Information shown:
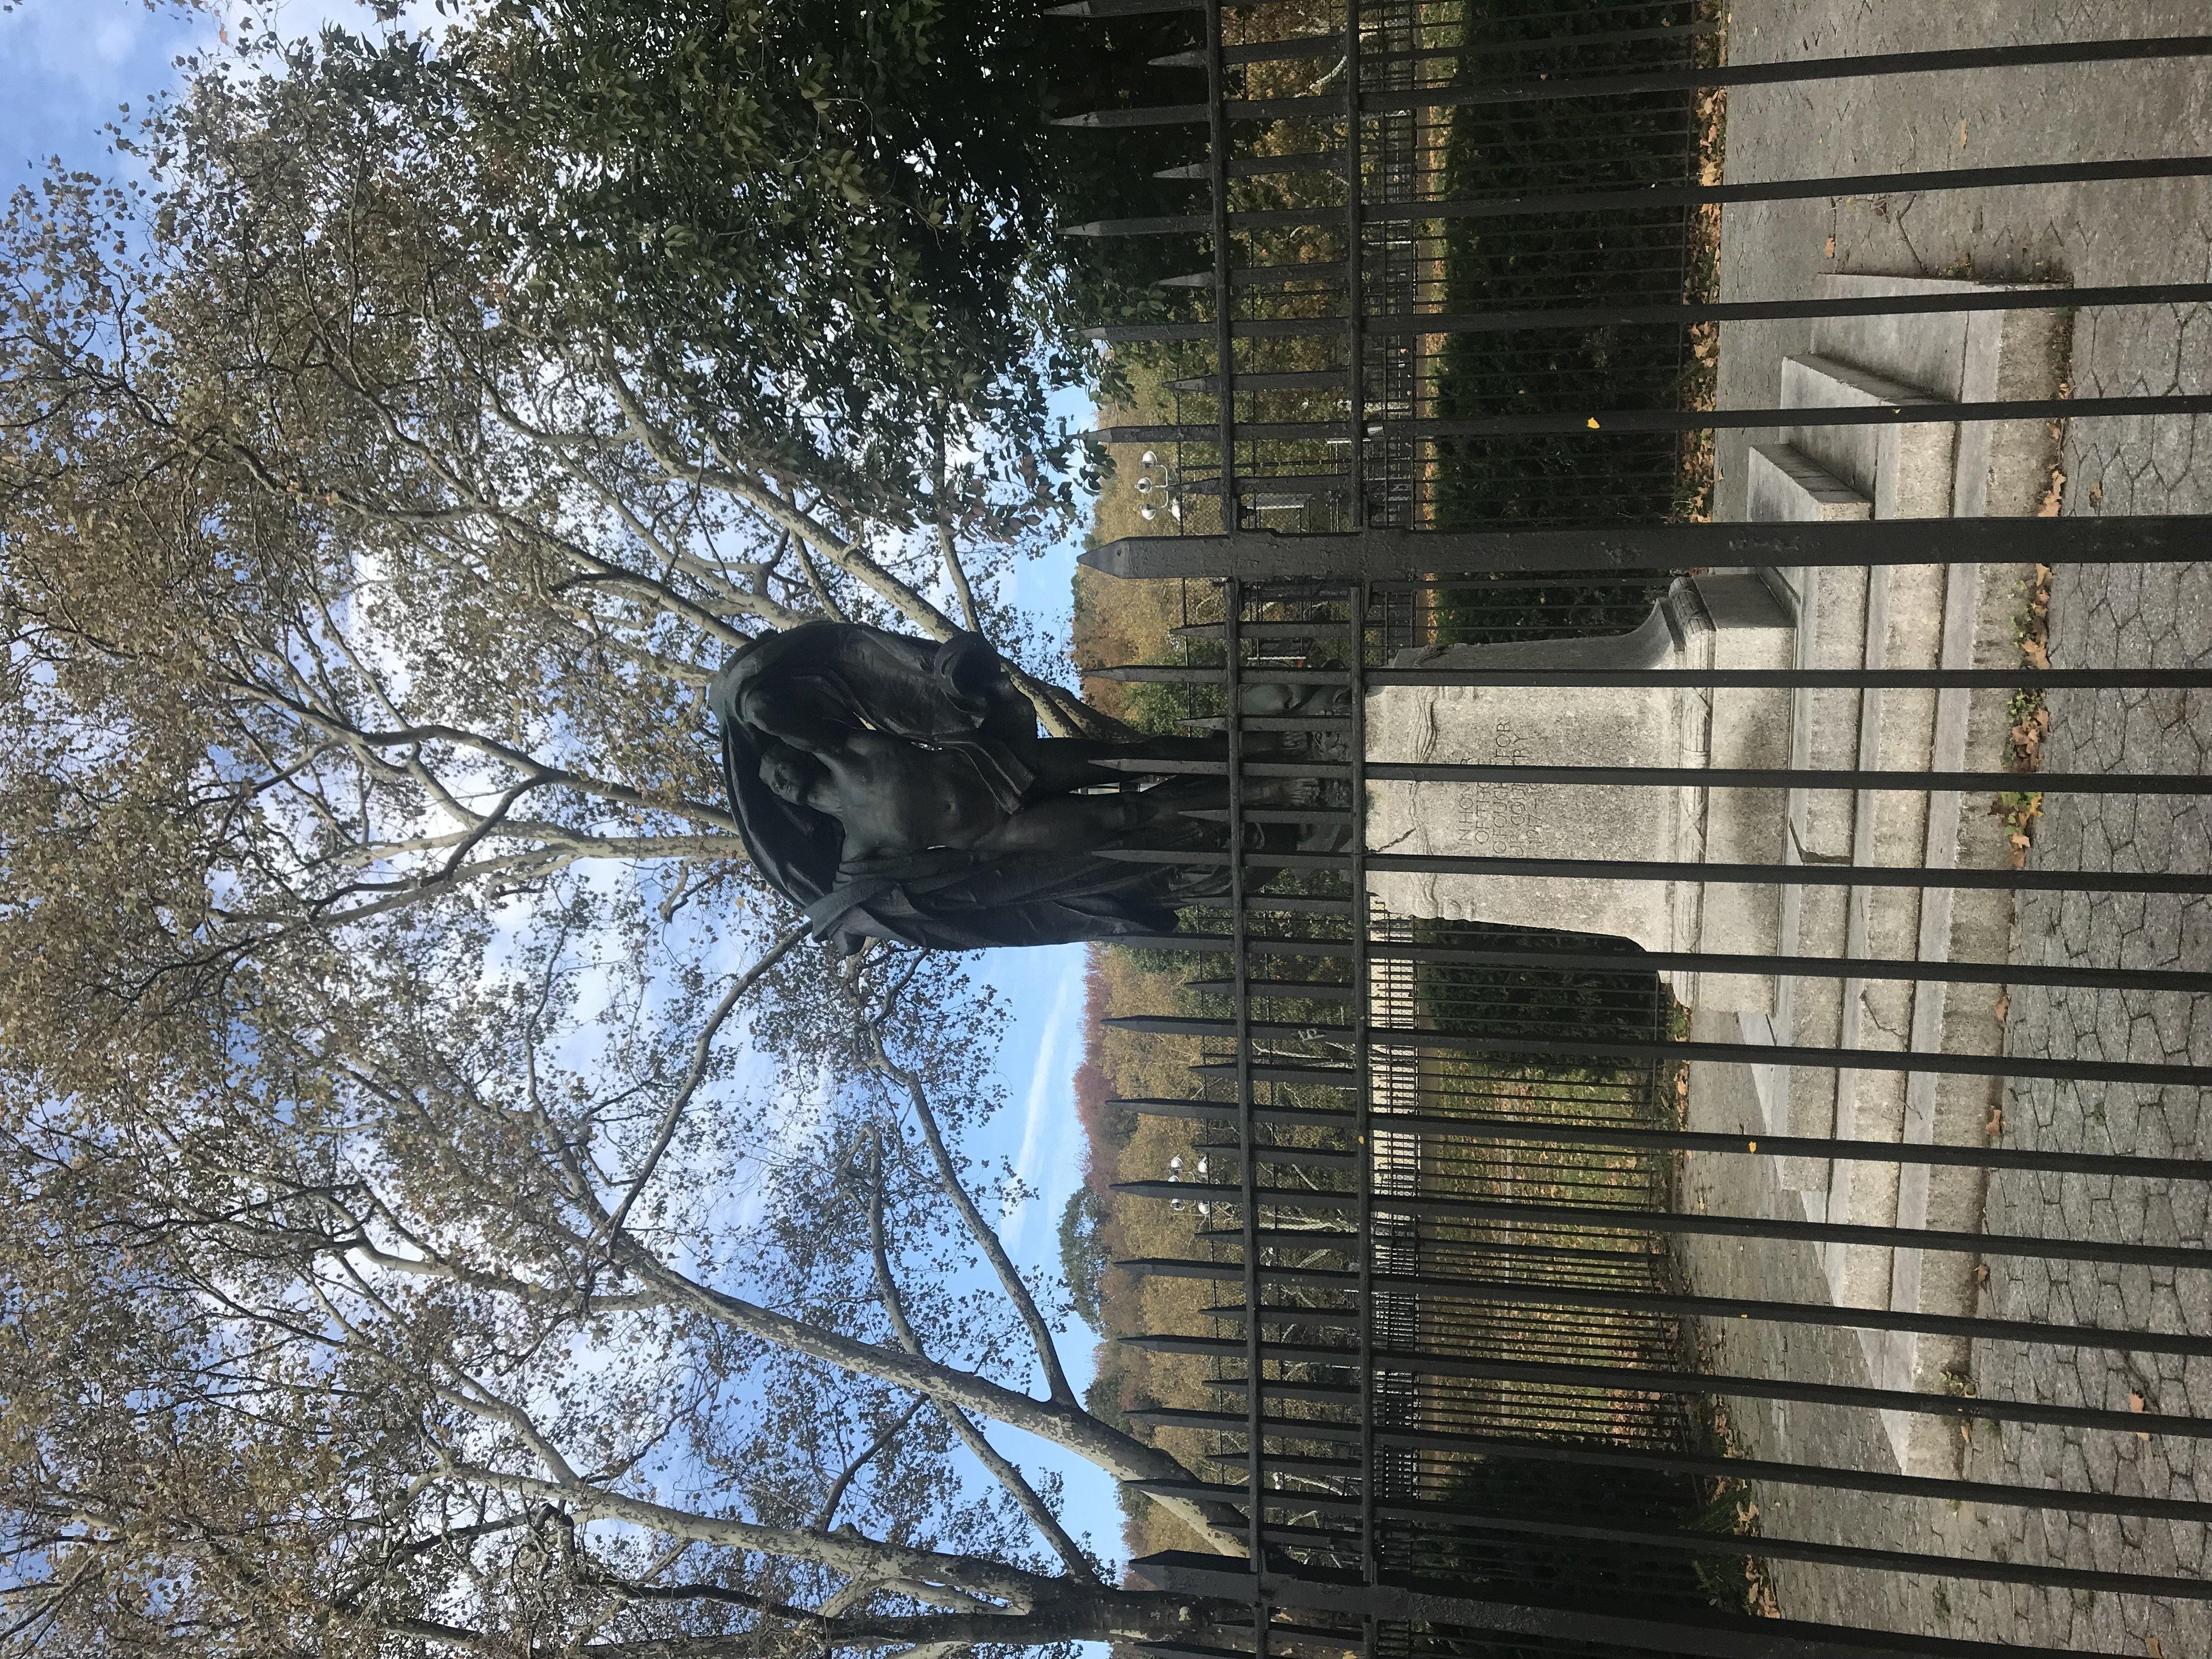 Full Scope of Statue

---

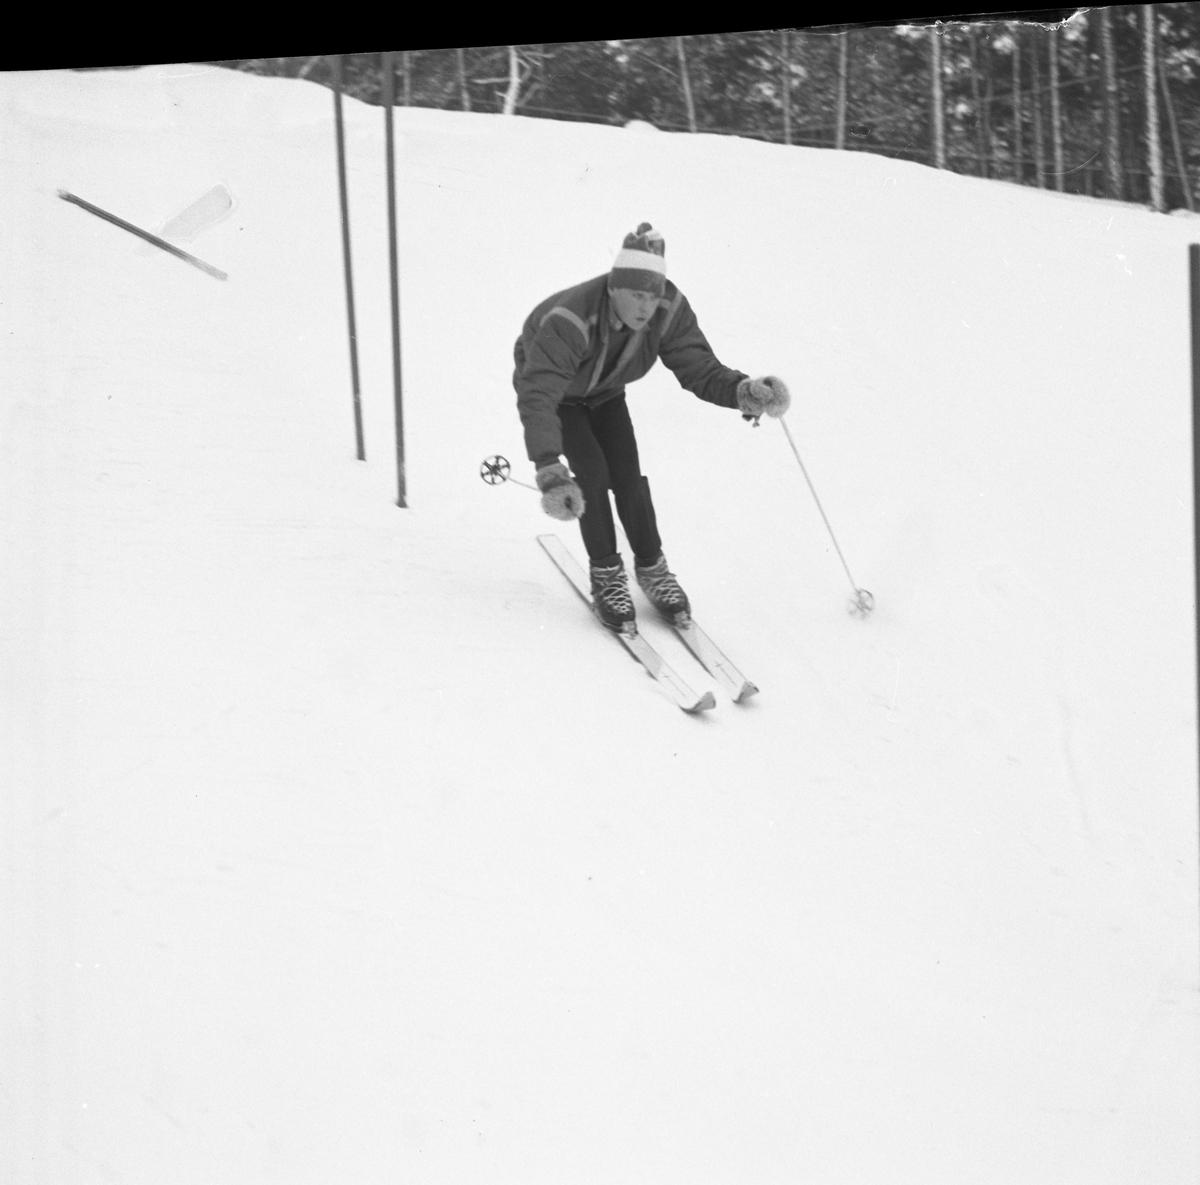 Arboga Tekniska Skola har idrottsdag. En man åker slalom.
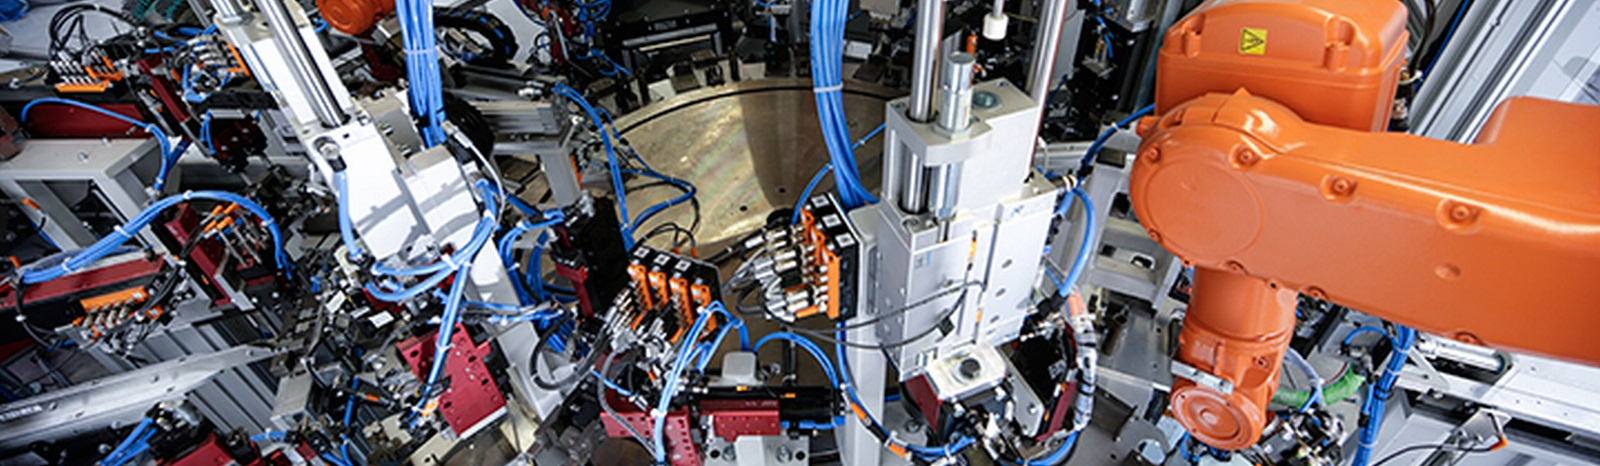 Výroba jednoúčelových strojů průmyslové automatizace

Task brief:
Your answer should be the exact lines above from the one containing "Arboga Tekniska Skola" through the one containing "Výroba jednoúčelových strojů", with both end lines kept and the pictures removed, please.

Finished exercise:
 Arboga Tekniska Skola har idrottsdag. En man åker slalom.
 Výroba jednoúčelových strojů průmyslové automatizace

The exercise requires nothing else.